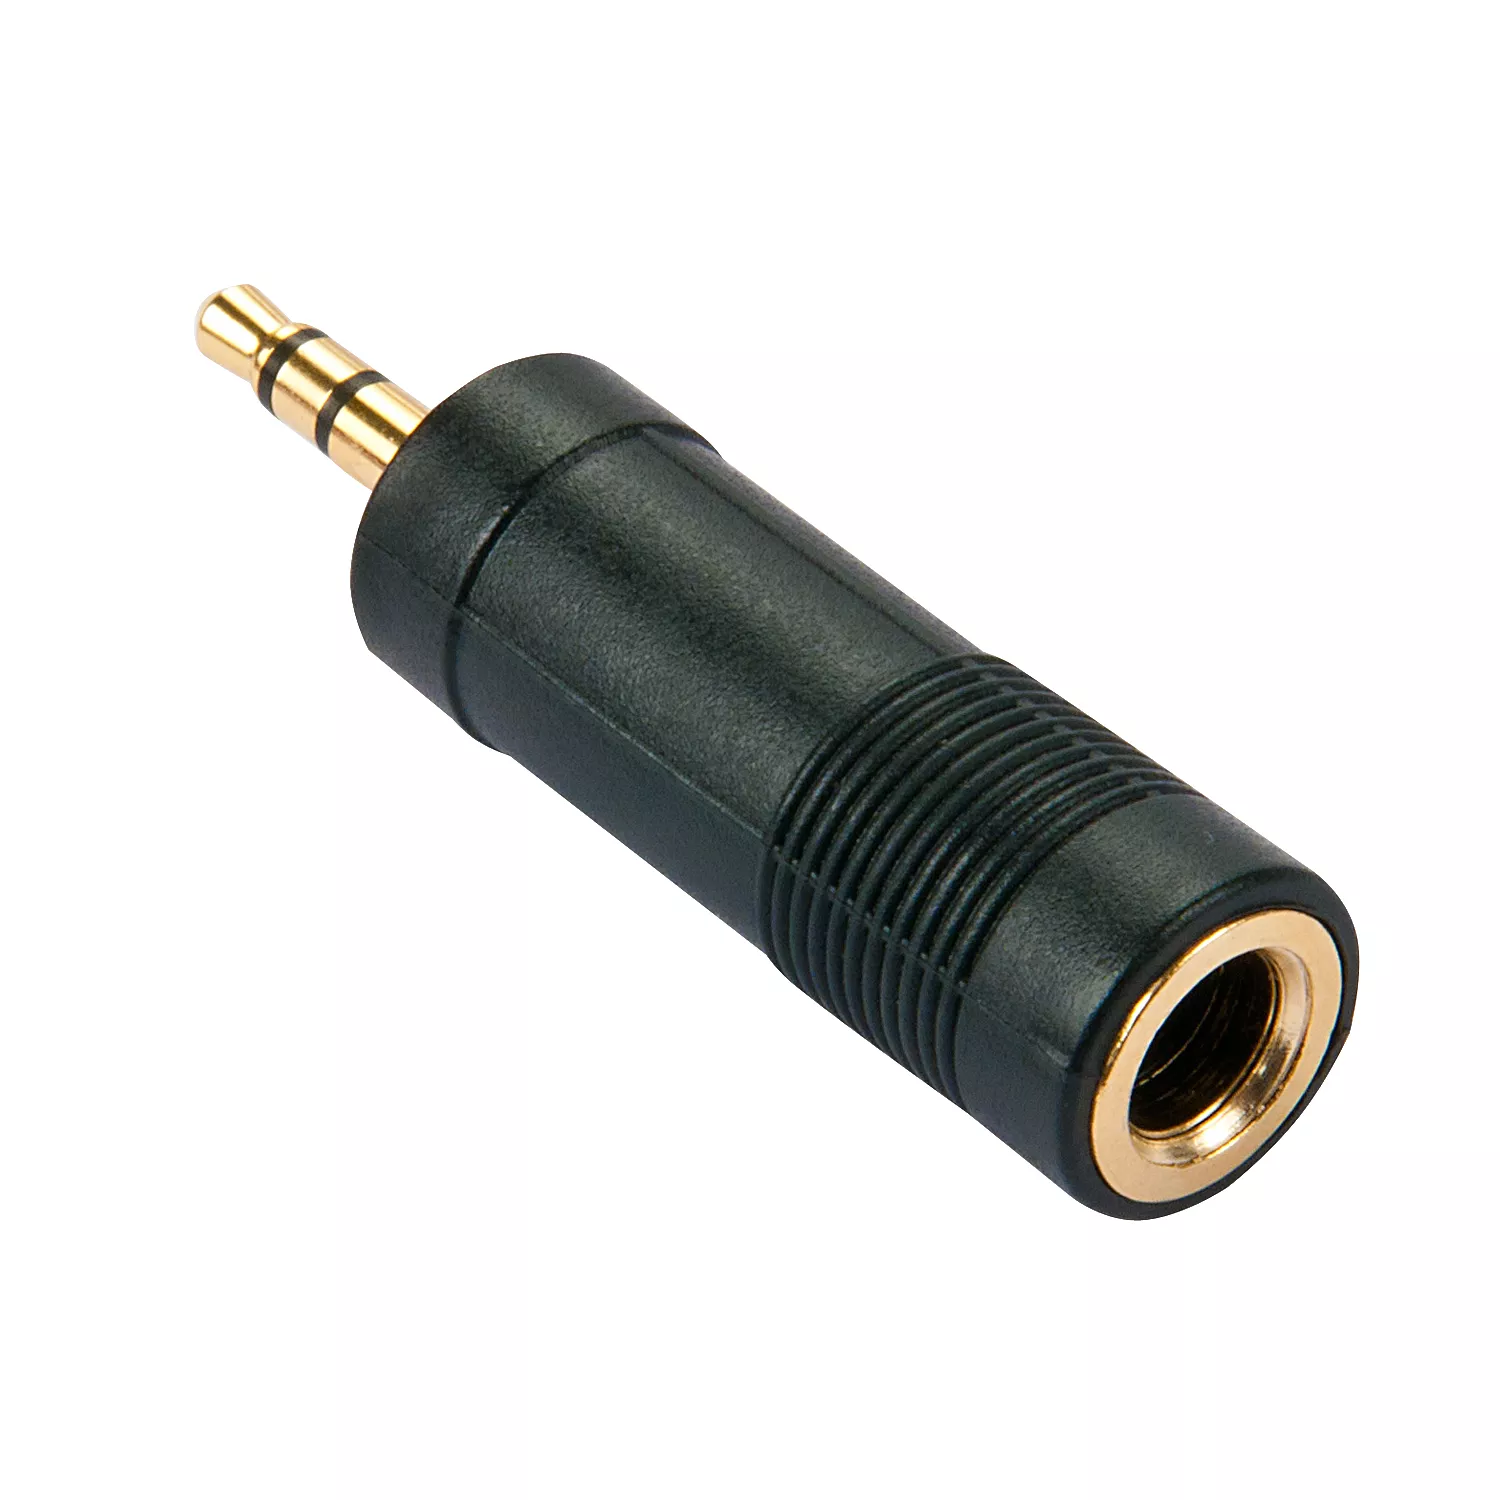 Achat Câble Audio LINDY Adapter Stereo 3.5mm female 6.3mm female gold sur hello RSE
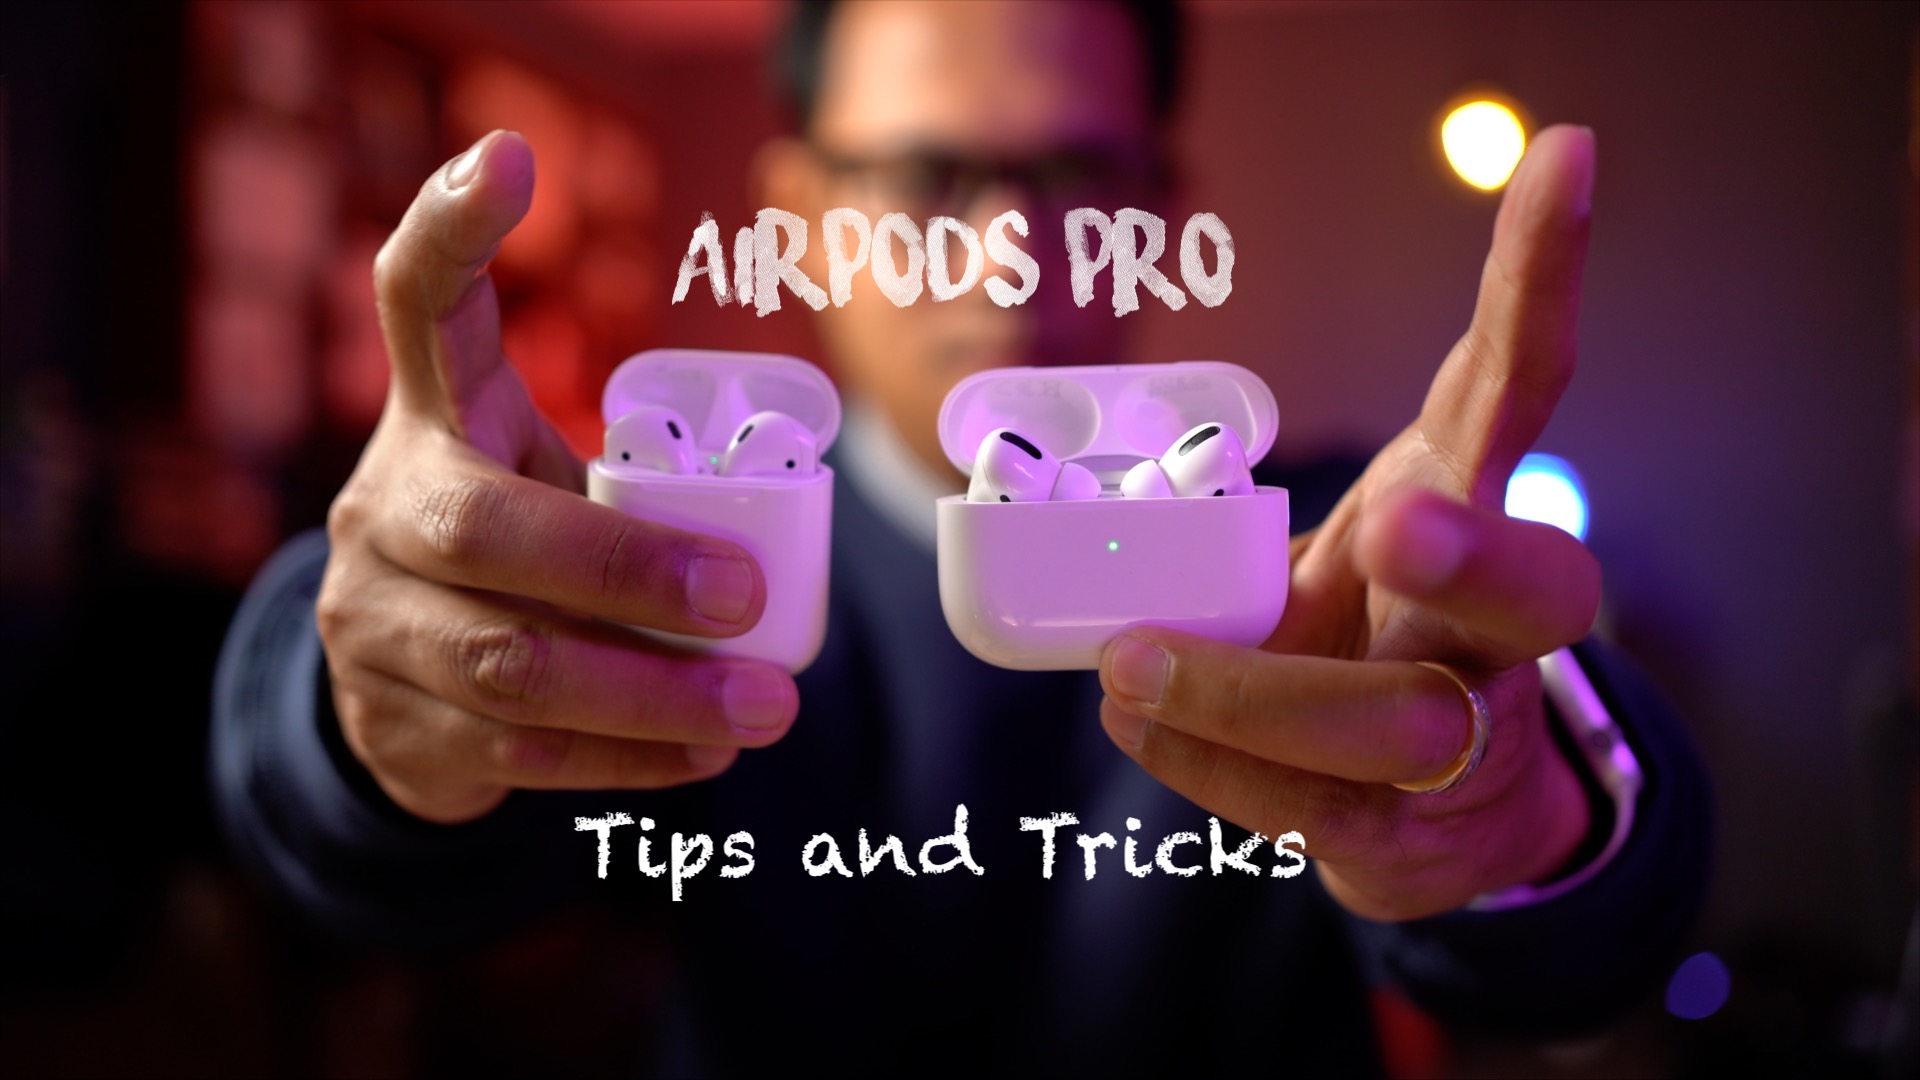 AirPods, AirPods Pro
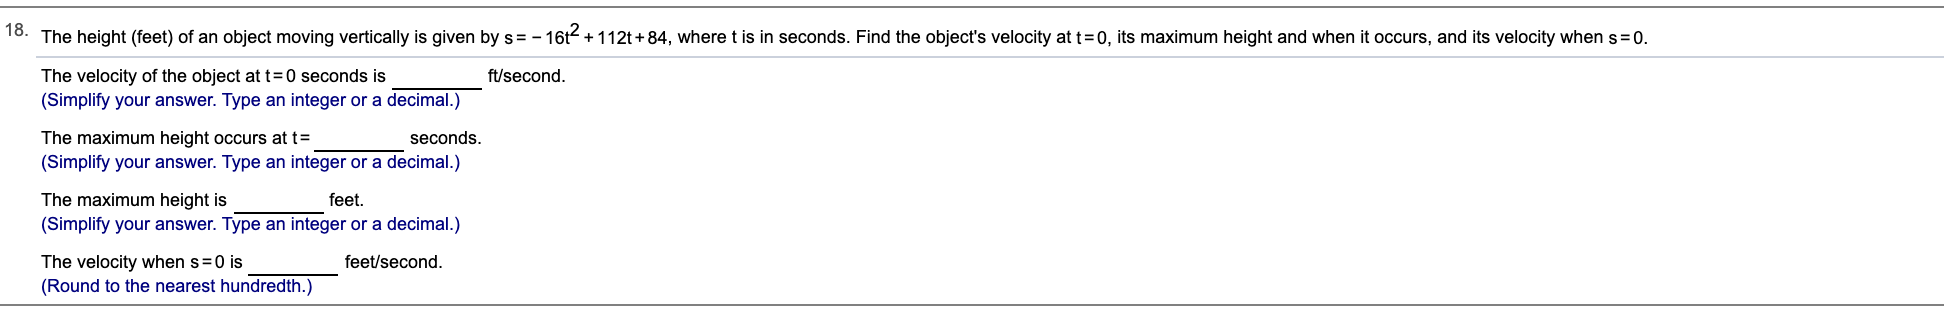 18.
The height (feet) of an object moving vertically is given by s =- 16t + 112t+84, where t is in seconds. Find the object's velocity at t=0, its maximum height and when it occurs, and its velocity when s=0.
The velocity of the object at t=0 seconds is
(Simplify your answer. Type an integer or a decimal.)
The maximum height occurs at t=
(Simplify your answer. Type an integer or a decimal.)
The maximum height is
(Simplify your answer. Type an integer or a decimal.)
ft/second.
seconds.
feet.
feet/second.
The velocity when s=0 is
(Round to the nearest hundredth.)
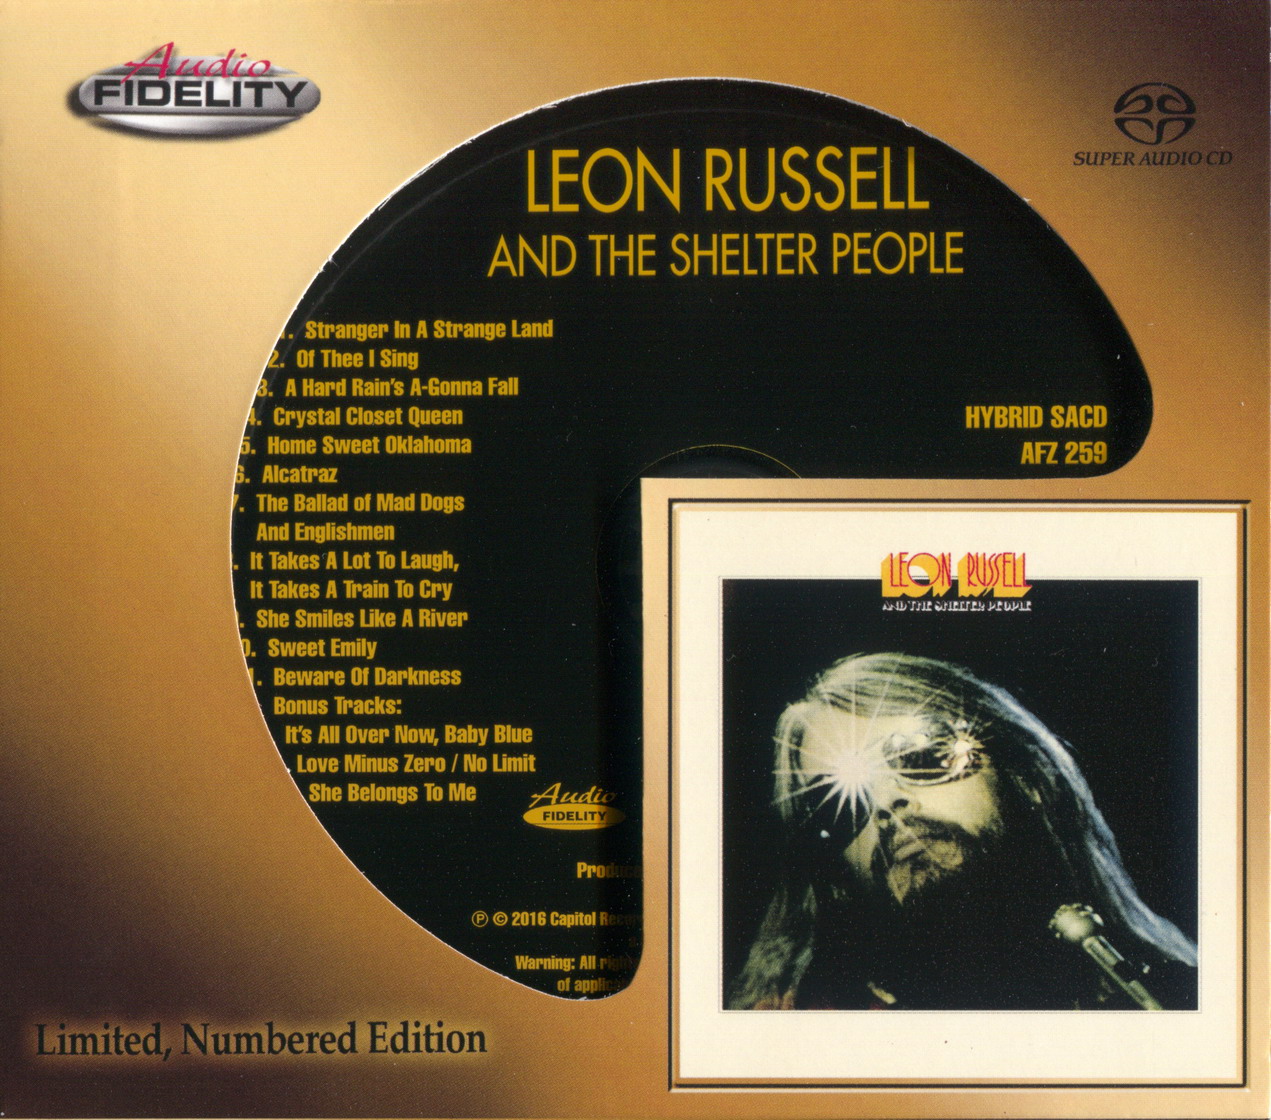 Leon Russell – Leon Russell And The Shelter People (1971) [Audio Fidelity 2016] SACD ISO

= = = = = = =

Exercise:
Once the pictures are set aside, please output all the data word for word.

Reply:
 Achat Câble Audio LINDY Adapter Stereo 3.5mm female 6.3mm female gold sur hello RSE
 AirPods, AirPods Pro
 18.
The height (feet) of an object moving vertically is given by s =- 16t + 112t+84, where t is in seconds. Find the object's velocity at t=0, its maximum height and when it occurs, and its velocity when s=0.
The velocity of the object at t=0 seconds is
(Simplify your answer. Type an integer or a decimal.)
The maximum height occurs at t=
(Simplify your answer. Type an integer or a decimal.)
The maximum height is
(Simplify your answer. Type an integer or a decimal.)
ft/second.
seconds.
feet.
feet/second.
The velocity when s=0 is
(Round to the nearest hundredth.)
 Leon Russell – Leon Russell And The Shelter People (1971) [Audio Fidelity 2016] SACD ISO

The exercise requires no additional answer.